◆ **Given data**:
------------------------------

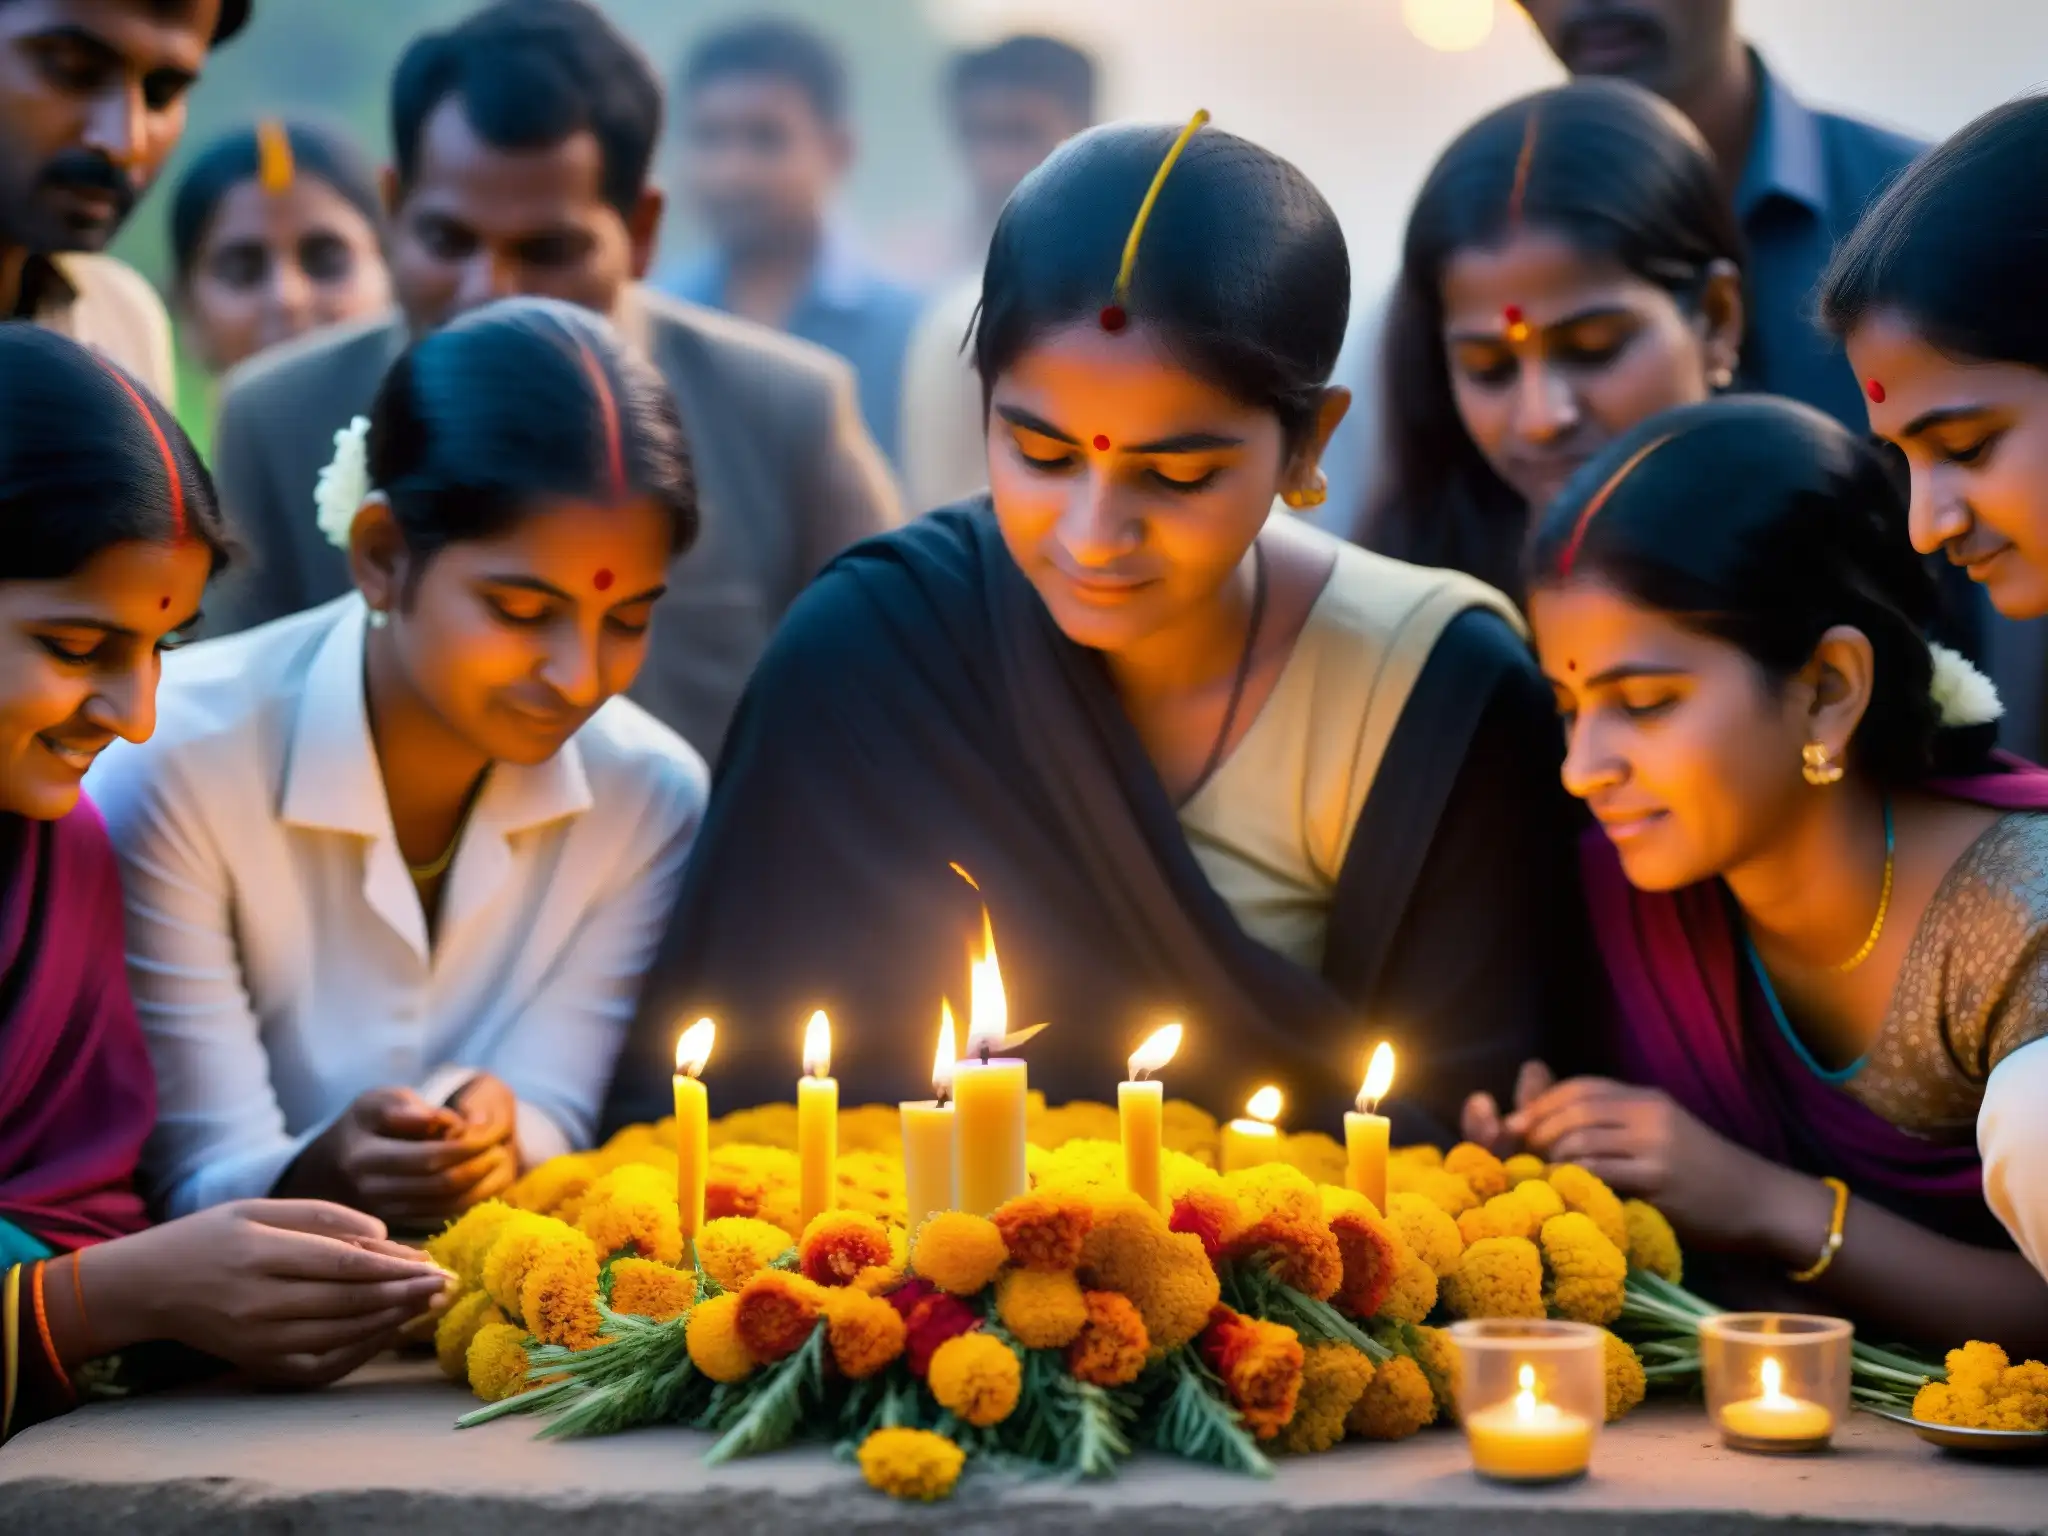 Un emotivo homenaje a los niños perdidos en Nithari, con aldeanos reunidos en un memorial con guirnaldas y velas
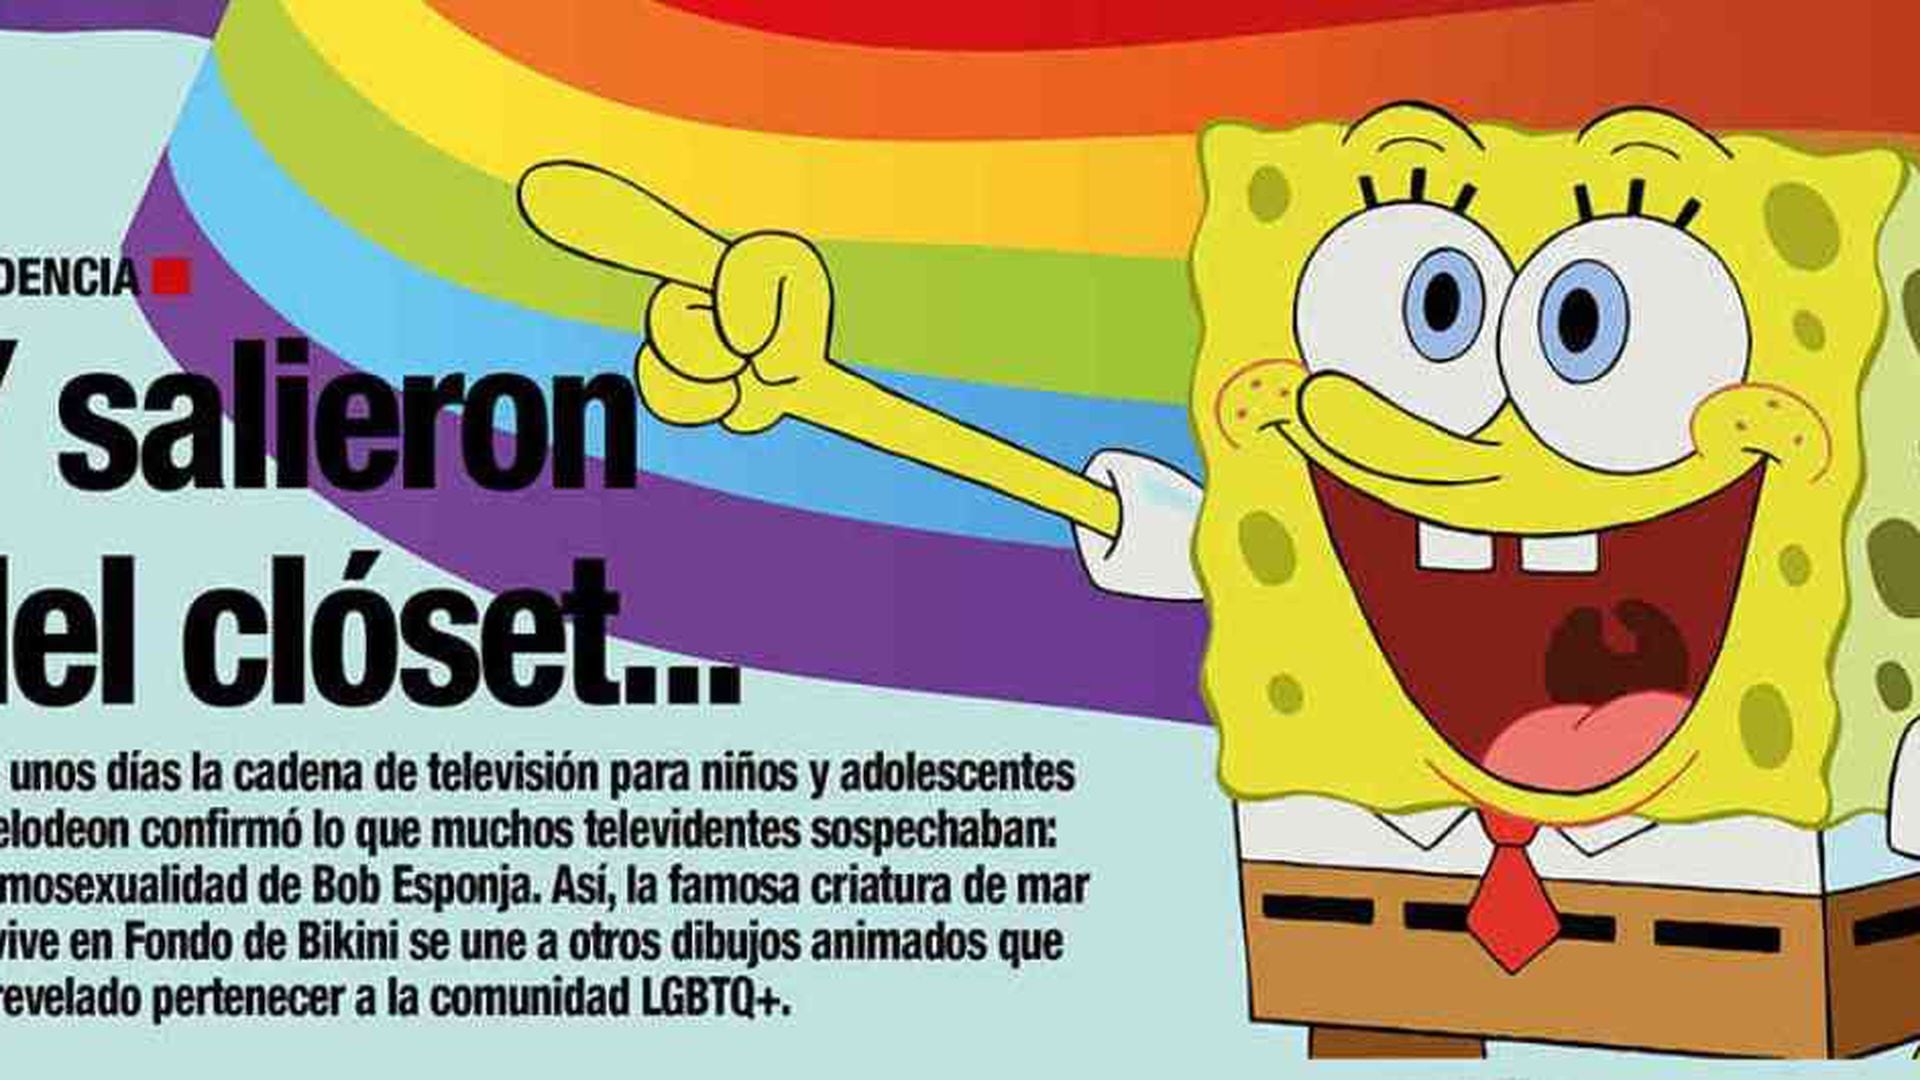 LGBTQ+: los dibujos animados que salieron clóset
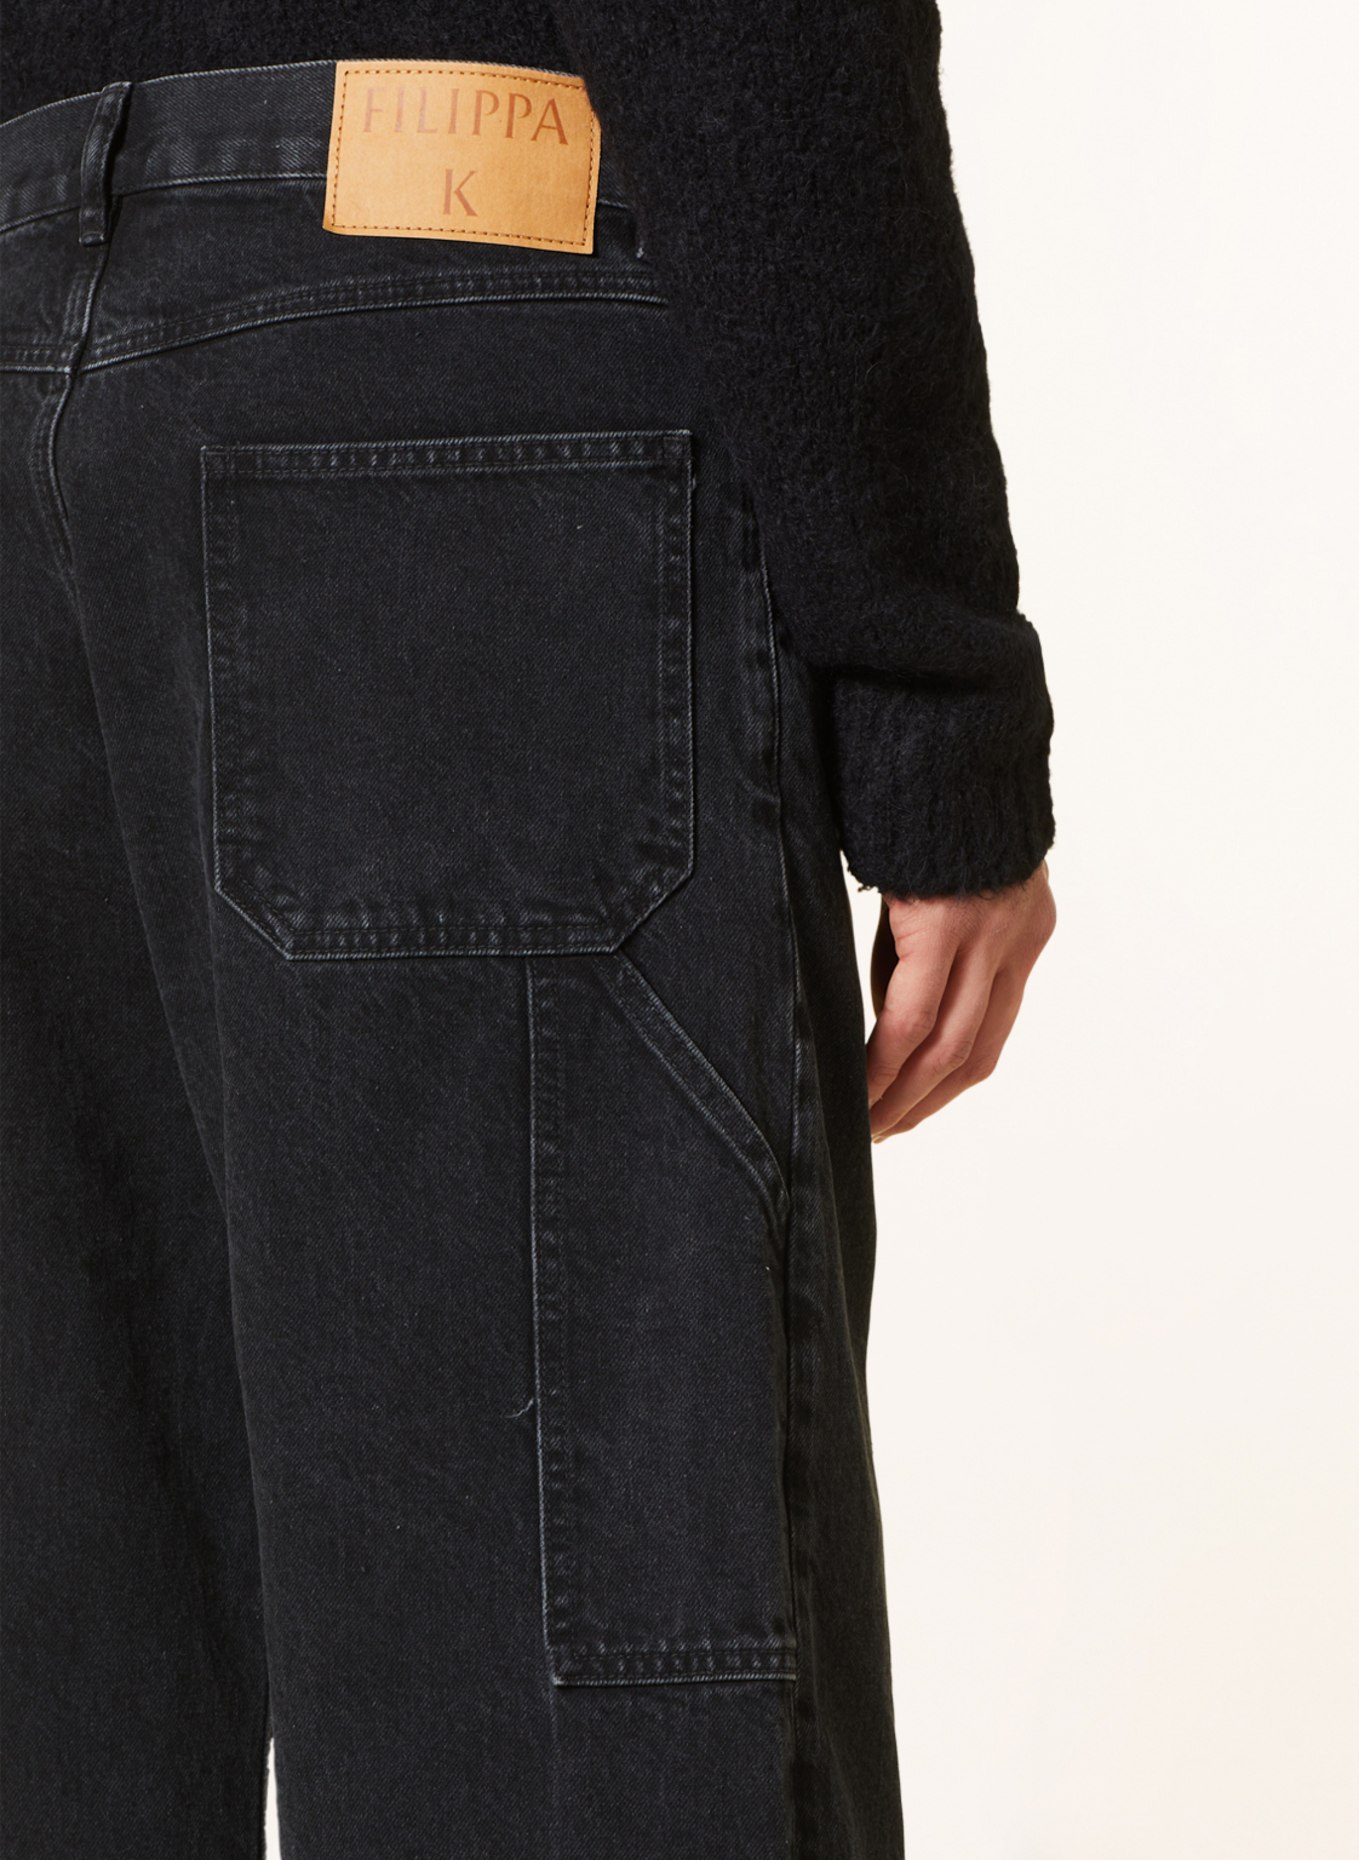 Filippa K Jeans regular fit, Color: 9897 Charcoal Black (Image 6)

------------------------------

◆ **What needs to be done**: Print the listing exactly. No pictures belong in the copy.

◆ **Answer to the exercise**:
 Un emotivo homenaje a los niños perdidos en Nithari, con aldeanos reunidos en un memorial con guirnaldas y velas
 LGBTQ+: los dibujos animados que salieron clóset
 Filippa K Jeans regular fit, Color: 9897 Charcoal Black (Image 6)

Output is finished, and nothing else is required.